У меня есть один массив 1D формы (300, )
и 2D массив формы (400, 300)
. Теперь я хочу вычислить сходство косинусов между каждой из строк в этом двумерном массиве с массивом 1D. Таким образом, мой результат должен иметь форму (400, )
которая представляет собой сходство этих векторов.
Моя первоначальная идея состоит в том, чтобы перебирать строки в 2D-массиве с использованием цикла for
а затем вычислять сходство косинусов между векторами.
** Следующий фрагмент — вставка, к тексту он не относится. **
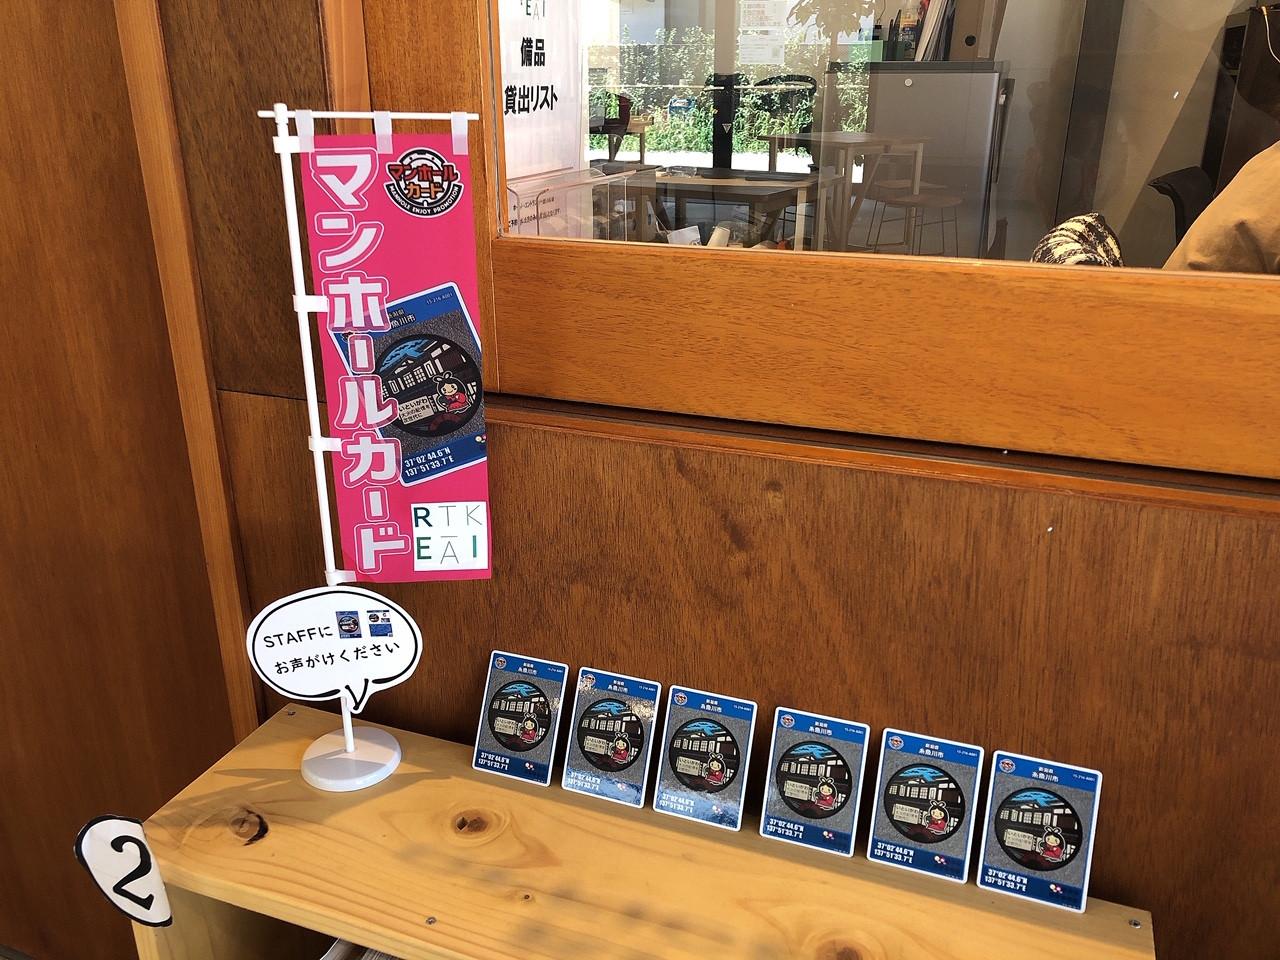 【8/12更新】マンホールカードの配布について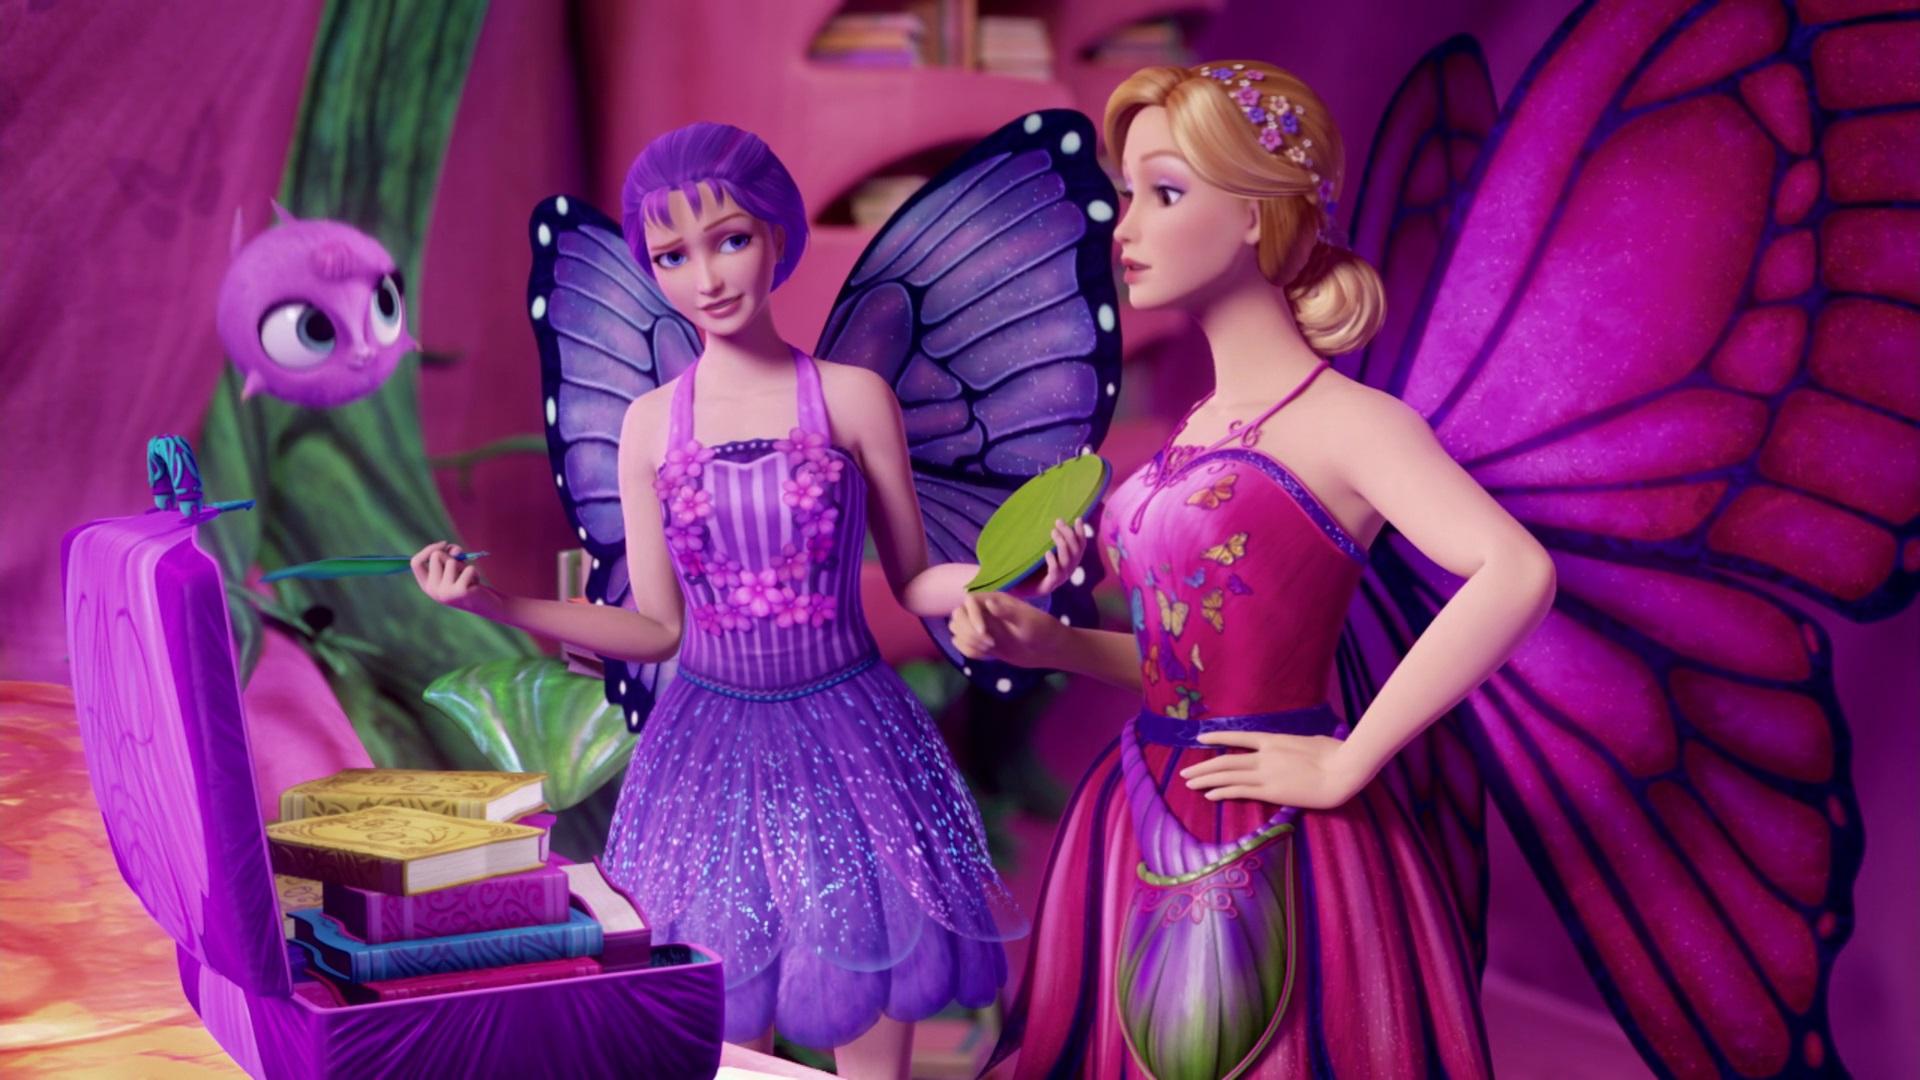 Barbie fairies wallpapers

Существует ли более быстрая альтернатива, использующая метод широковещания?
Вот надуманный пример:
In [29]: vec = np.random.randn(300,)
In [30]: arr = np.random.randn(400, 300)
Ниже я хочу рассчитать сходство между 1D массивами:
inn = (vec * arr[0]).sum()
vecnorm = numpy.sqrt((vec * vec).sum())
rownorm = numpy.sqrt((arr[0] * arr[0]).sum())
similarity_score = inn / vecnorm / rownorm
Как я могу обобщить это, чтобы arr[0]
был заменен двумерным массивом?
Здесь один следующий тот же метод, что и с сообщением @Bi Rico post
, но с einsum
для вычисления norm
-
den = np.sqrt(np.einsum('ij,ij->i',arr,arr)*np.einsum('j,j',vec,vec))
out = arr.dot(vec) / den
Кроме того, мы можем использовать vec.dot(vec)
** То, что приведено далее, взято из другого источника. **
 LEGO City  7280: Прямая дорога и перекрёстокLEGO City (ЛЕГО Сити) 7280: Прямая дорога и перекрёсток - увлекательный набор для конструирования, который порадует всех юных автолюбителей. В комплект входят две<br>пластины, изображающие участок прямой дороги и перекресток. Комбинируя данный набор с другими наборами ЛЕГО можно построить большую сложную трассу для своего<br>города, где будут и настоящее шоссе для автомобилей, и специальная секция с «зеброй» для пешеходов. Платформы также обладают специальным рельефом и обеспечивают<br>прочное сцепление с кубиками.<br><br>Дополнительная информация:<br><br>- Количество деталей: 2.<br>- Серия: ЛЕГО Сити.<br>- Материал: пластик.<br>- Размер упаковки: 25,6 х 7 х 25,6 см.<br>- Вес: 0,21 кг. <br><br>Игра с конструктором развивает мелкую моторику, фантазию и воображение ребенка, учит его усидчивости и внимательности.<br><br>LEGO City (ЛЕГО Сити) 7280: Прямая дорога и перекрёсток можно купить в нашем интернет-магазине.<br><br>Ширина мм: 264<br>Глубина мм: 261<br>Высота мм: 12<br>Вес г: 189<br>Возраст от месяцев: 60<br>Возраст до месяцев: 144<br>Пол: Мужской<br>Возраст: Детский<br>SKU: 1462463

для замены np.einsum('j,j',vec,vec)
для некоторого предельного улучшения.
Сроки -
In [45]: vec = np.random.randn(300,)
...: arr = np.random.randn(400, 300)
# @Bi Rico soln with norm
In [46]: %timeit (np.linalg.norm(arr, axis=1) * np.linalg.norm(vec))
10000 loops, best of 3: 100 µs per loop
In [47]: %timeit np.sqrt(np.einsum('ij,ij->i',arr,arr)*np.einsum('j,j',vec,vec))
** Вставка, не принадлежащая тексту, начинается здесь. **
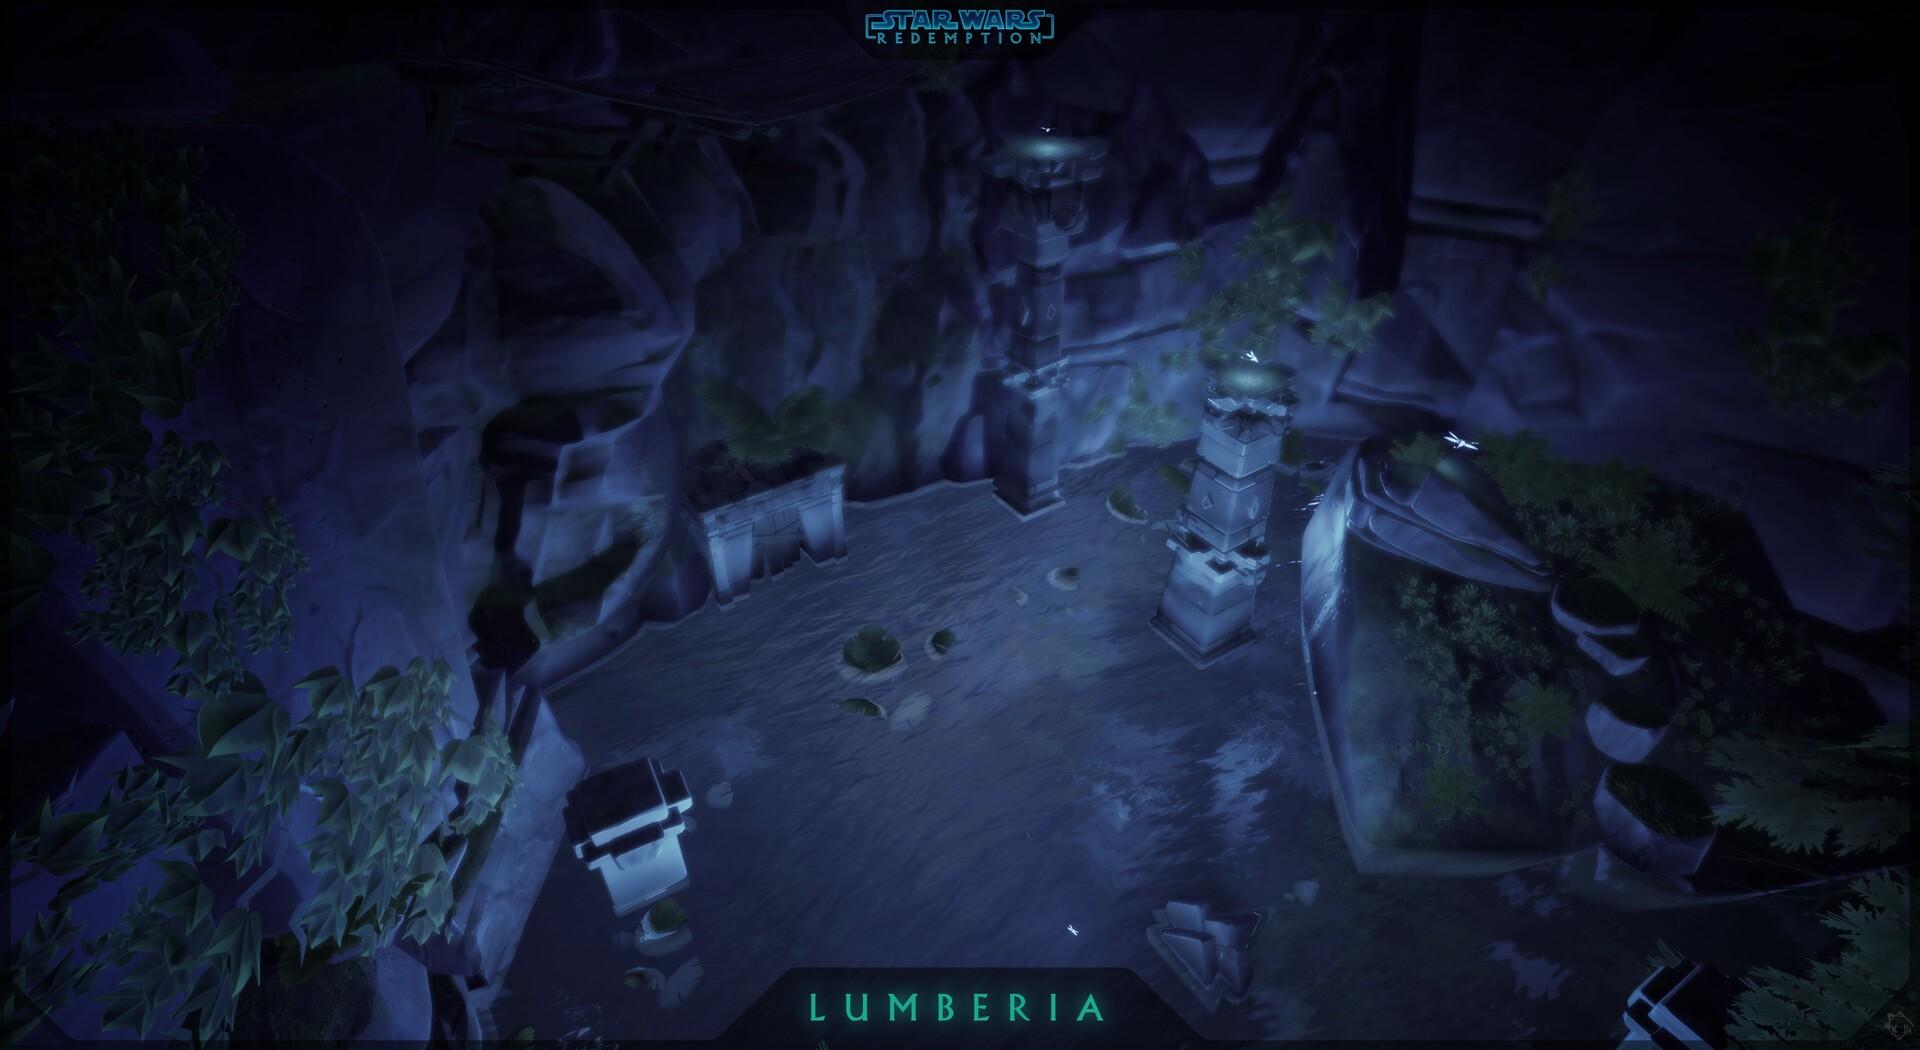 Etienne beschet swr screenshot lumberia ruins 20

10000 loops, best of 3: 77.4 µs per loop
На больших массивах -
In [48]: vec = np.random.randn(3000,)
...: arr = np.random.randn(4000, 3000)
In [49]: %timeit (np.linalg.norm(arr, axis=1) * np.linalg.norm(vec))
10 loops, best of 3: 22.2 ms per loop
In [50]: %timeit np.sqrt(np.einsum('ij,ij->i',arr,arr)*np.einsum('j,j',vec,vec))
100 loops, best of 3: 8.18 ms per loop
Числитель подобия соосности может быть выражен как матрица умножить, а затем знаменатель должен просто работать :).
a_norm = np.linalg.norm(a, axis=1)
b_norm = np.linalg.norm(b)
(a @ b) / (a_norm * b_norm)
где a
- двумерный массив, а b
- 1D-массив (т.е. вектор)
cdist
от scipy.
Вы можете использовать cdist:
import numpy as np
from scipy.spatial.distance import cdist
x = np.random.rand(1, 300)
Y = np.random.rand(400, 300)
similarities = 1 - cdist(x, Y, metric='cosine')
print(similarities.shape)
Выход
(1, 400)
Обратите внимание, что cdist
возвращает cosine_distance
(подробнее здесь), то есть 1 - cosine_similarity
поэтому вам нужно преобразовать результат.